Informacoes sobre ordens
| Nome do Produto | Numero de Catalogo | UNID | Preco | Qde | FAVORITOS | |
TNF alpha Plasmídeo duplo de Nickase (m) | sc-423433-NIC | 20 µg | $410.00 | |||
TNF alpha Plasmídeo duplo de Nickase (m2) | sc-423433-NIC-2 | 20 µg | $410.00 |
O gene **Tnf** em camundongo codifica o fator de necrose tumoral alfa (TNFα), uma citocina pró-inflamatória pleiotrópica produzida principalmente por macrófagos ativados, células T e outras populações da imunidade inata. O TNFα sinaliza por meio de **TNFR1** e **TNFR2** para regular as cascatas **NF-κB** e **MAPK**, controlando assim a indução de citocinas, o recrutamento de leucócitos, a sobrevivência celular e vias de morte celular programada, incluindo apoptose e necroptose. Como um nó central na sinalização inflamatória, o TNFα molda o remodelamento tecidual, a ativação vascular e a homeostase imunológica, sendo amplamente estudado em contextos de autoimunidade, infecção, inflamação metabólica e neuroinflamação. A atividade desregulada de **Tnf** está associada a fenótipos inflamatórios crônicos e a alterações no crosstalk entre a imunidade inata e adaptativa em modelos murinos de doença.

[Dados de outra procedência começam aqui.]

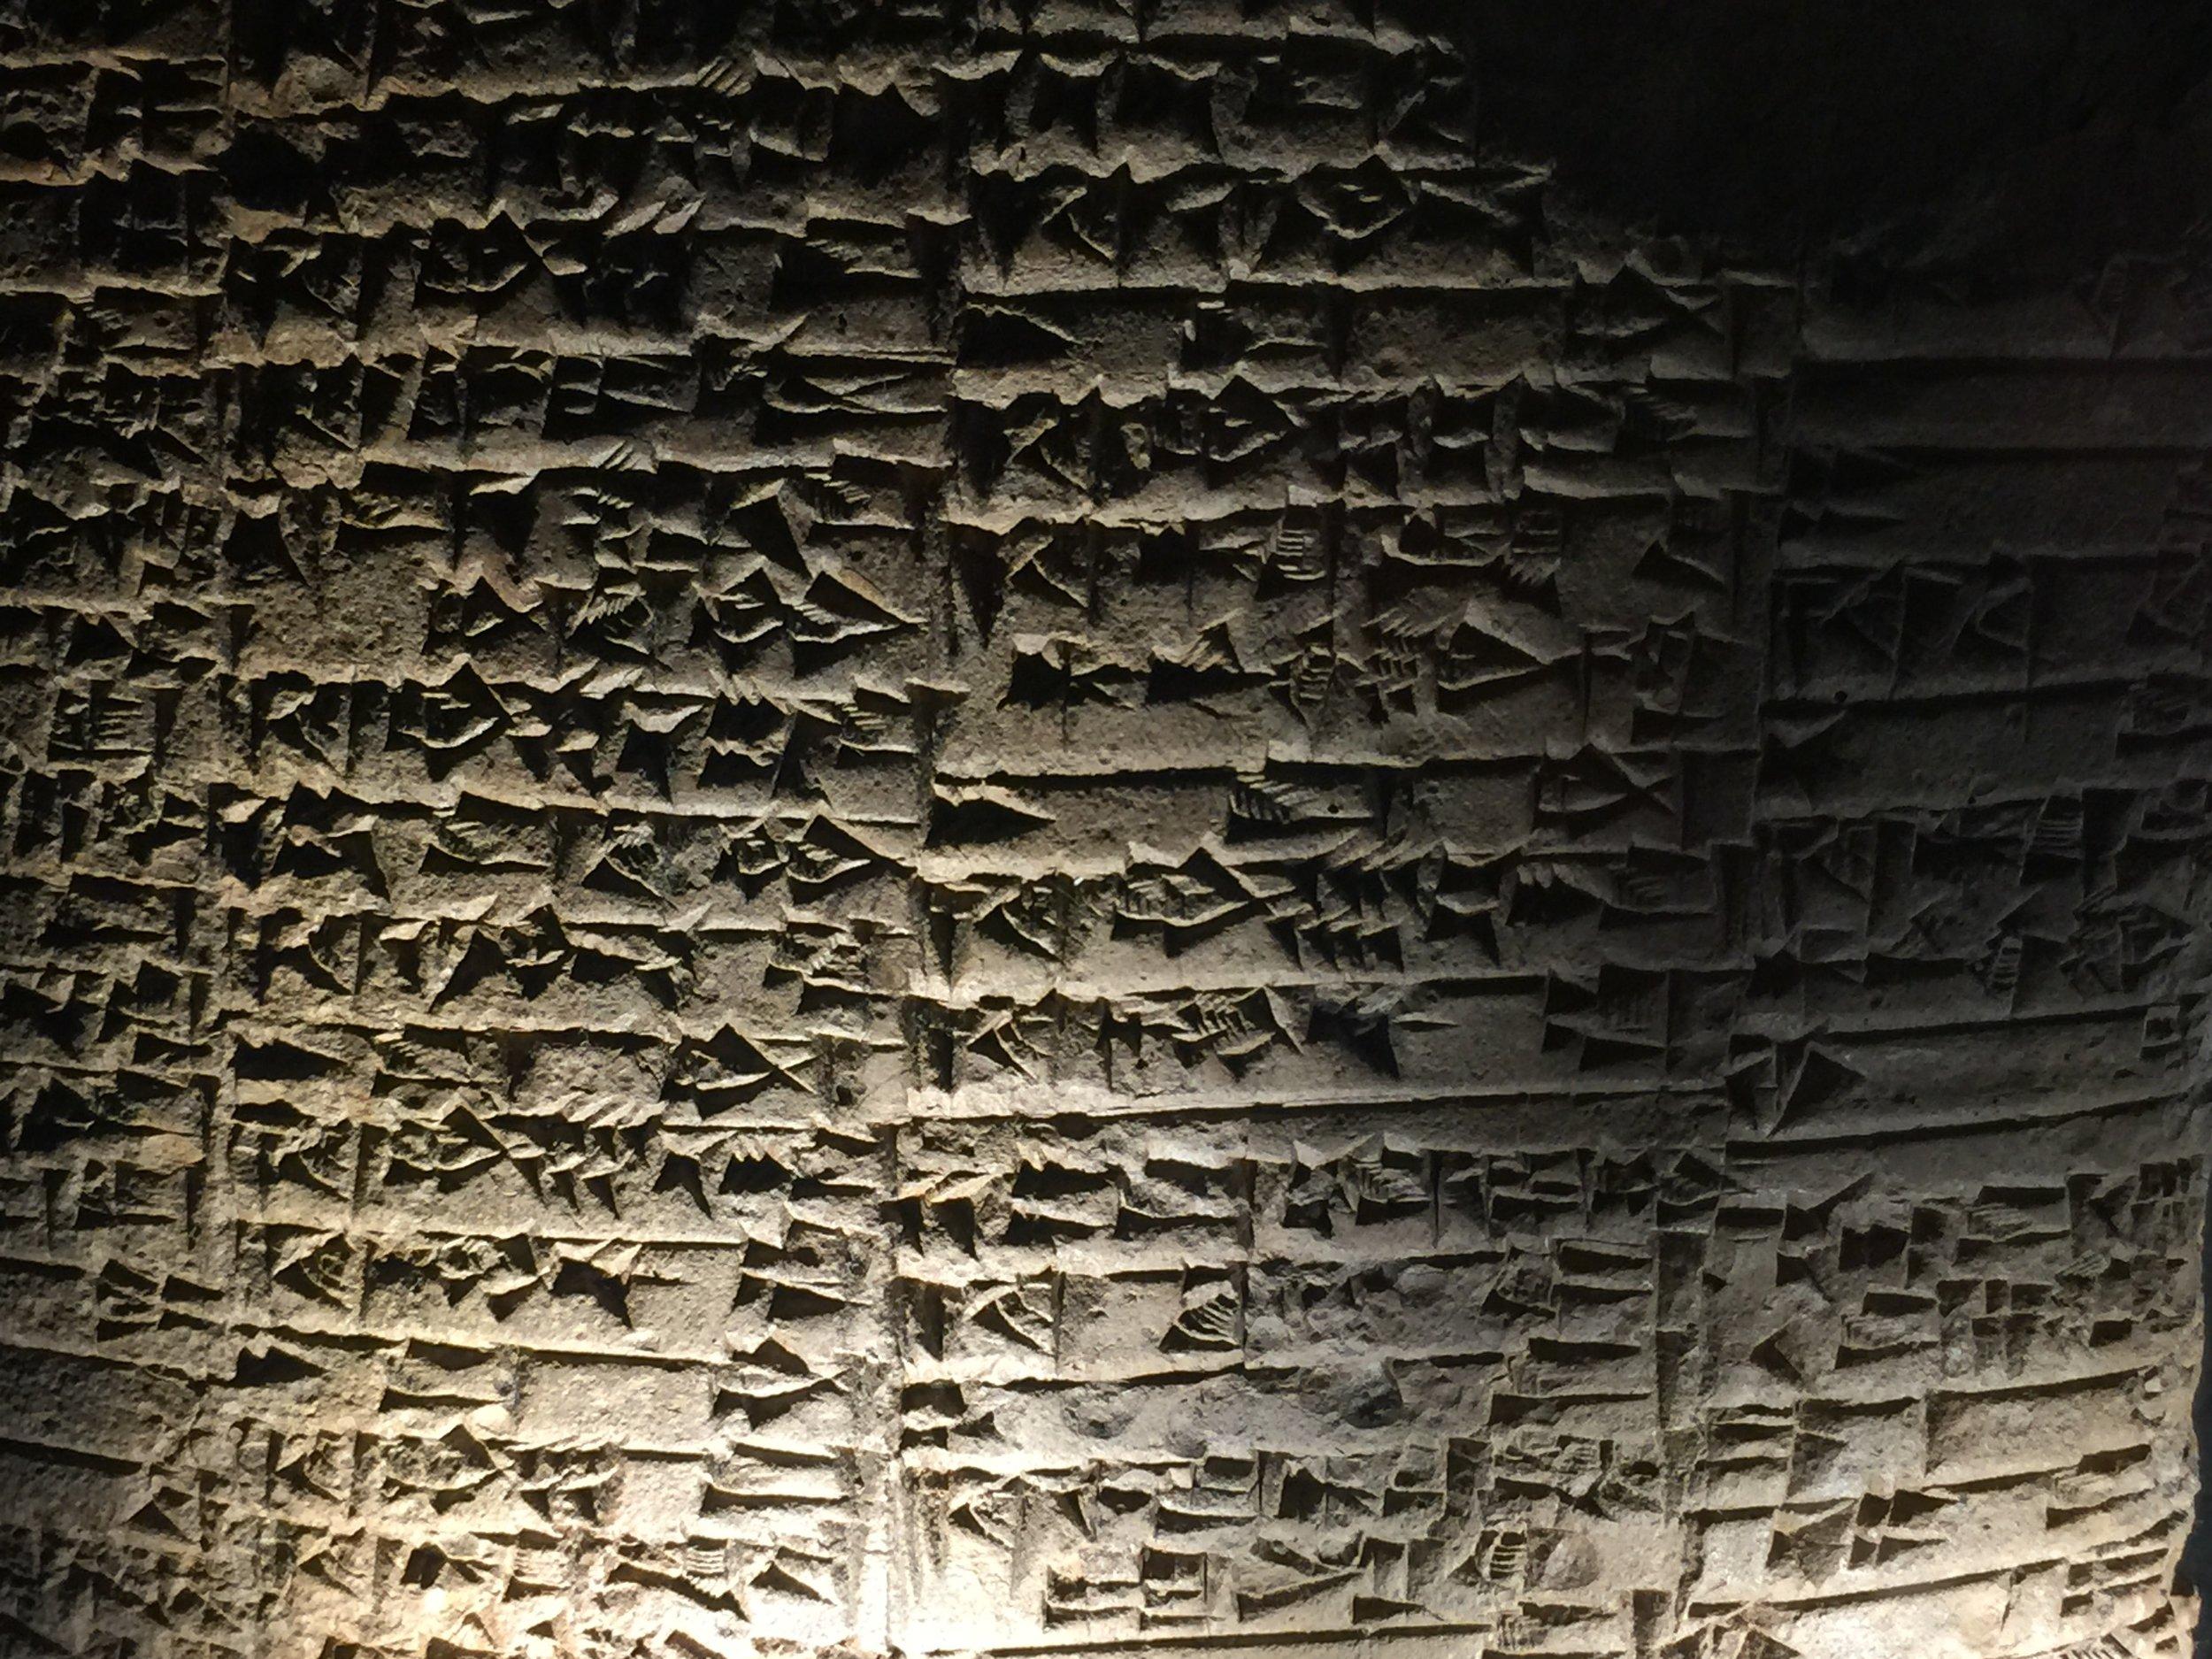 Inscribed cylinder of Nabuchadnezer II (605-562)
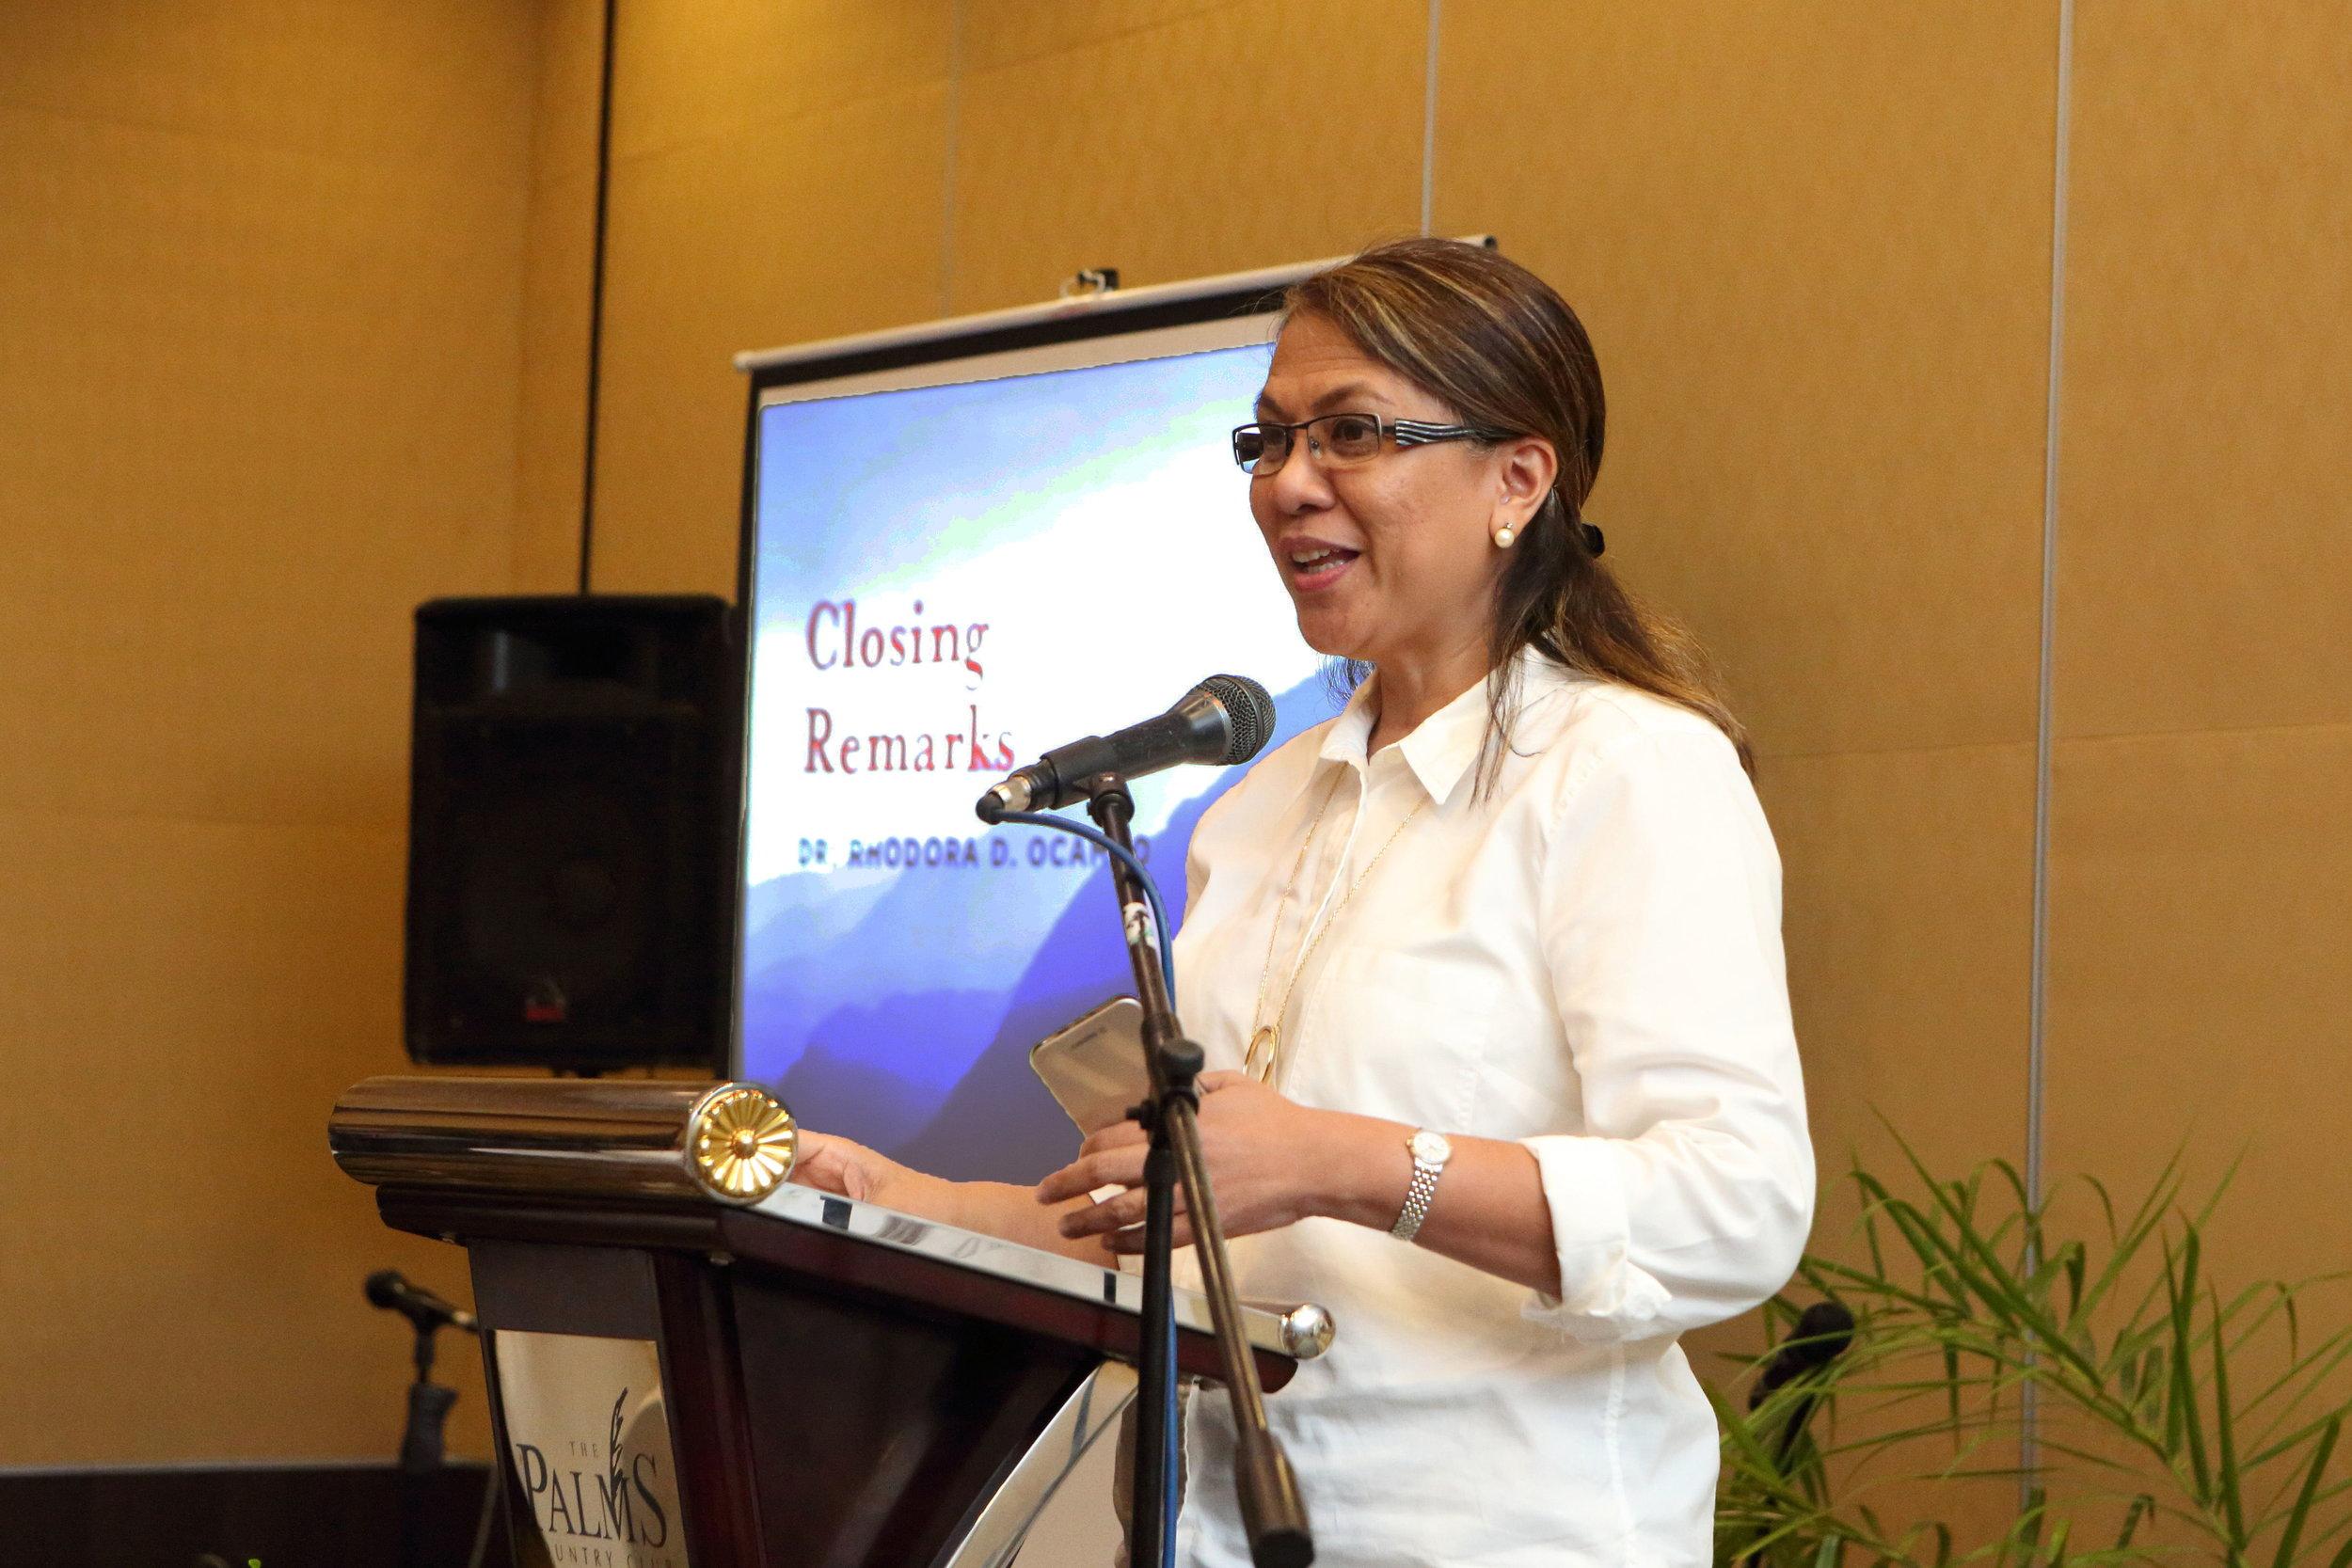 Closing remarks by Dr. Rhodora Ocampo

TNF alpha O Plasmídeo de Nickase Dupla (m) consiste num par de plasmídeos combinados, concebidos para a edição de alta especificidade do locus Tnf em linhas celulares mouse. Cada plasmídeo expressa uma nickase Cas9 D10A e um sgRNA distinto que tem como alvo cadeias de ADN opostas dentro de Tnf. Quando direcionadas para locais adjacentes em cadeias de ADN opostas, as duas nickases geram cortes deslocados numa única cadeia que, em conjunto, produzem uma quebra escalonada de cadeia dupla, exigindo uma atividade coordenada no alvo por parte de ambas as guias. A quebra de ADN resultante é resolvida por vias de reparação celular endógenas, mais frequentemente através da junção de extremidades não homólogas (NHEJ), levando a inserções ou deleções que perturbam a função Tnf. Ao exigir o envolvimento de dois sgRNA no locus alvo, a abordagem de dupla nickase aumenta a especificidade da edição e fornece uma estratégia CRISPR complementar para aplicações em que se deseja um controlo adicional sobre a precisão do direcionamento.
Para apoiar a identificação eficiente das células editadas, um plasmídeo codifica GFP para visualização fluorescente das populações transfectadas, enquanto o plasmídeo complementar transporta um gene de resistência à puromicina para seleção antibiótica. Em conjunto, estas características apoiam o enriquecimento eficiente das populações co-transfectadas e simplificam a validação dos clones com Tnf interrompido.
Apenas para uso em investigação. Não se destina a uso diagnóstico ou terapêutico.